Now, why did this song almost bring me to tears yesterday? There are so many reasons! One is that this weekend marks forty-three years since I became a "born-again Christian". I asked Jesus into my heart in an unfinished bathroom on the afternoon of Tuesday, July 21, 1970. My life was never the same. It has been very rich and very fulfilling and filled with great spiritual experiences. It has also at times been incredibly difficult. The past four years, especially, have been hard. I don't have time to go into detail, but for me, 1979 through 1981 was also a very dark and painful time in my life. There are times I have been severely depressed and in counseling. There are times God has seemed to be a million miles away and like He did not care. But, I have seen and experienced miracles in my life. And, I have seen many lives changed and many people helped in my ministry. I have seen where the difficulties I have experienced even this year (being diagnosed with Crohn's Disease, having eye surgeries including a detached retina, having major dental problems, and all of these causing financial problems) have made me "more in tune" with people's needs and sufferings. When someone is hurting, I want to "be there" for them. And that's a big part of what true Christianity is supposed to be all about! Jesus said we are to let our light shine in this world. We are to touch others. We are to make a difference. I want to do that!

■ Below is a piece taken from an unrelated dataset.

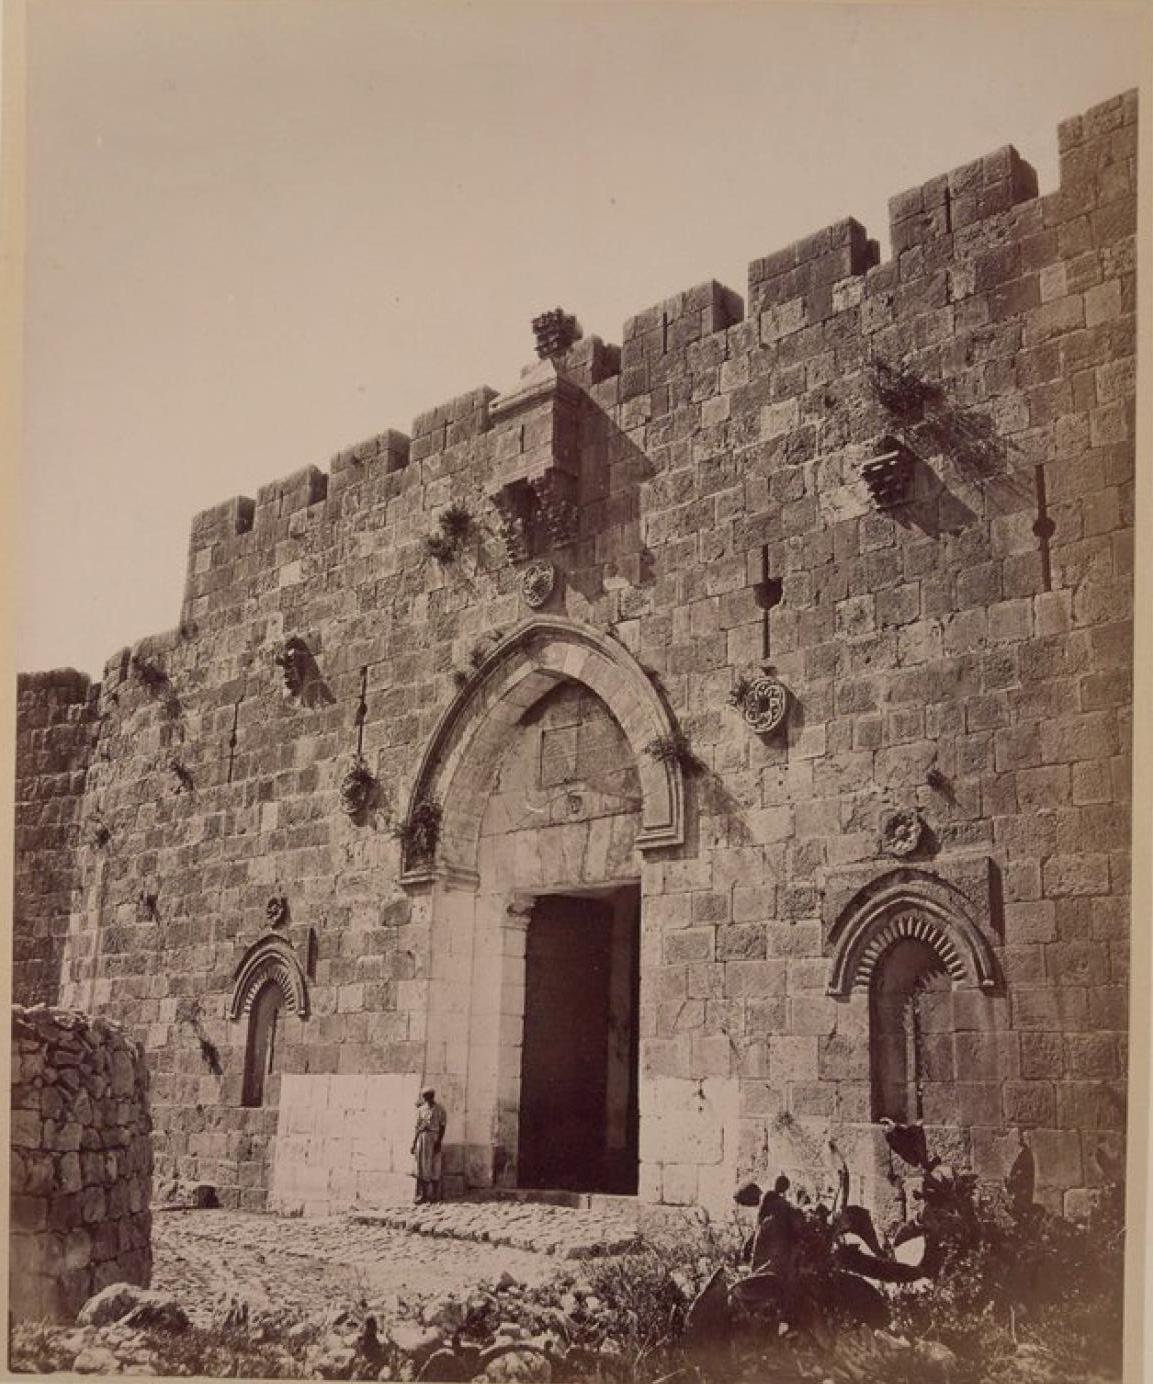 31. Иерусалим. «Ворота пророка Давида» (Сионские ворота)
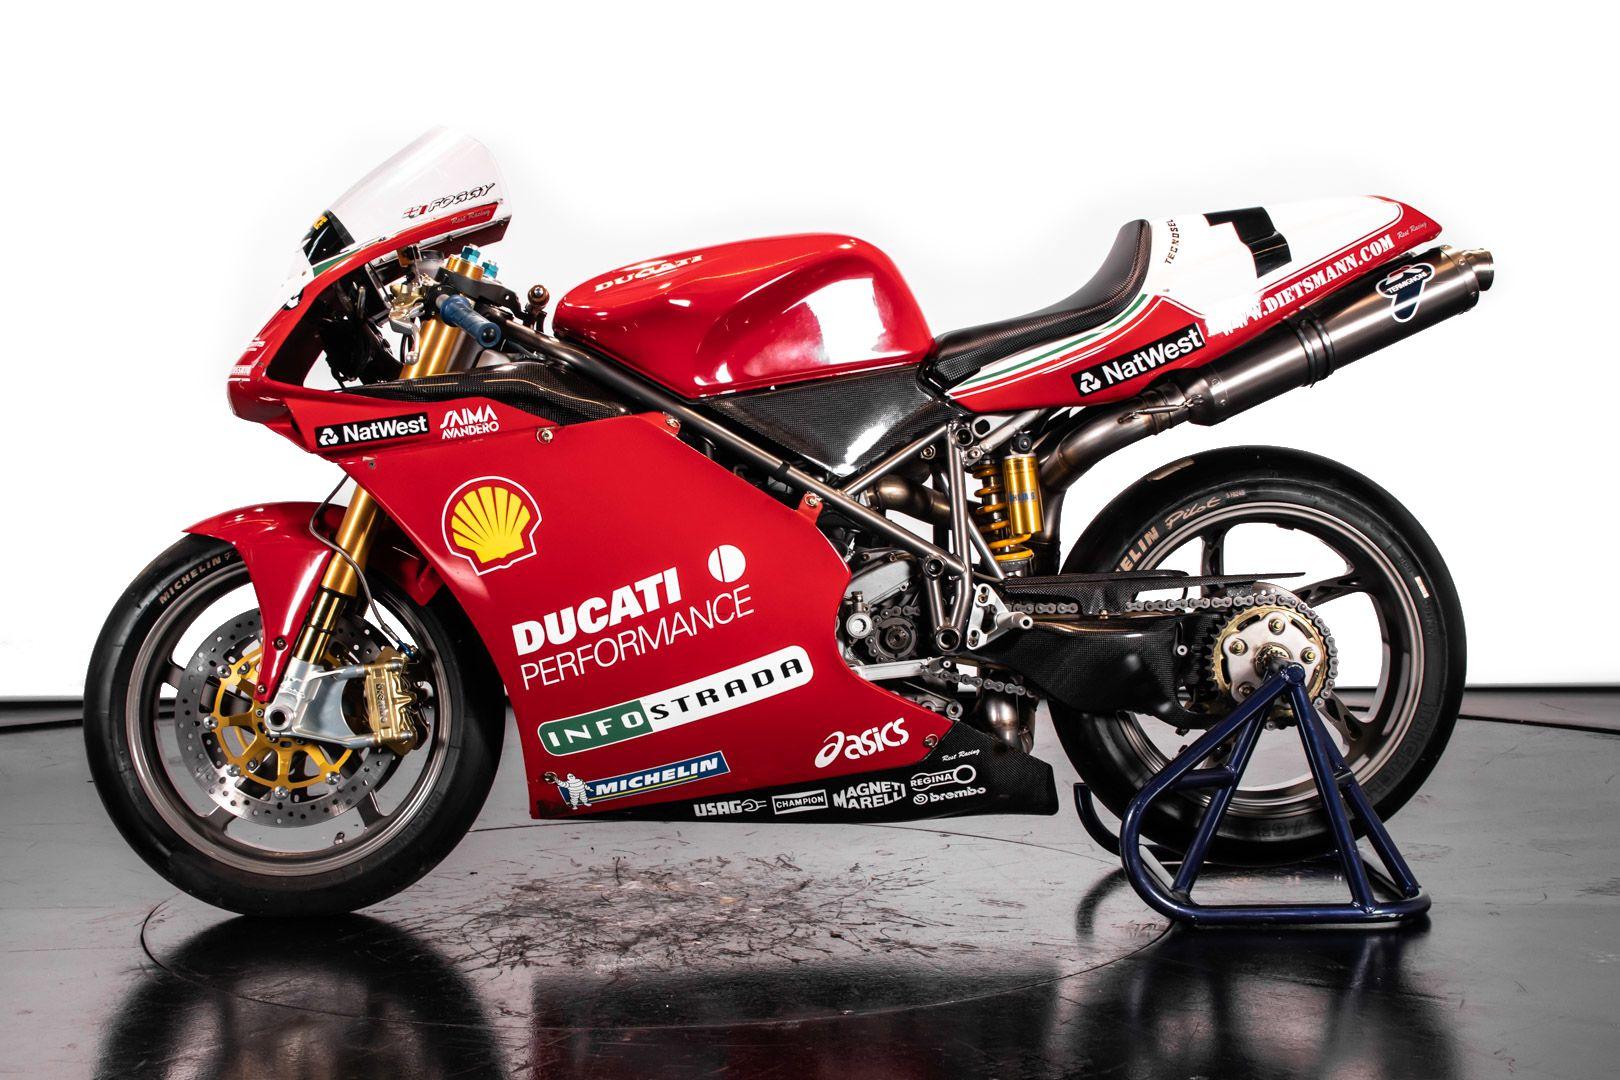 2008 Ducati 996 Fogarty Evocation 03/12 84242

If I said I had no regrets about my life as a born-again Christian, I would not be telling the truth. One of the biggest mistakes Christians make is becoming self-righteous and trying to jam the Bible down people's throats. I am sorry to admit that for almost twenty years I was that way! I wrote some very pompous, self-righteous, and judgmental columns and letters to various newspapers in the 1970s and 1980s. I was so far to the "religious right" that I'm surprised I did not fall off the right wing! Today, I am very, very sorry about my self-righteousness and arrogance. Ironically, it was a fellow Assemblies of God minister who called this to my attention about twenty years ago. We were watching a television program in which anti-abortion activists were protesting outside an abortion clinic. They were condemning the girls who were heading into the clinic, and shoving photos of dead fetuses into their faces. (Now, I thought this was a good thing!) My friend said that the protestors were giving Jesus Christ a bad name. He said that what they should be doing is loving those girls and praying for them. He reminded me that if we show them real love and compassion and lead them to Jesus, they'll see that abortion is wrong, and they will make the right choice to not have abortions. After that night, I began to change my approach to evangelism. I became much less "hard-nosed" and much less "right wing". I'm still fairly conservative, but I don't think it's my responsibility to jam Jesus down people's throats. It's my job to love God and show God's love and light to the world.

I used to teach Adult Sunday School every week, and I used to preach almost every week. I have not preached in about twenty months and I have only taught Adult Sunday School once over the past year. If I ever preach again, there are several sermons I'd love to bring. One would be about what I'm writing about here: stressing Christians' responsibility to shine God's light in the dark world and to reach hurting people. I'd close that sermon by singing "Let the Lower Lights be Burning". Listen, many times hurting people hurt you right back! Many times they don't respond well. And, if you reach out with God's love to people, sometimes you'll be "badly burned". I have been on many occasions! But pastors and "regular Christians" alike: may we not fail to shine God's light! If you're not familiar with "Let the Lower Lights be Burning", do an on-line search for it. There are some youtube postings of people singing the song!

"Let the lower lights be burning; send a gleam across the wave; some poor fainting, struggling seaman, you may rescue, you may save."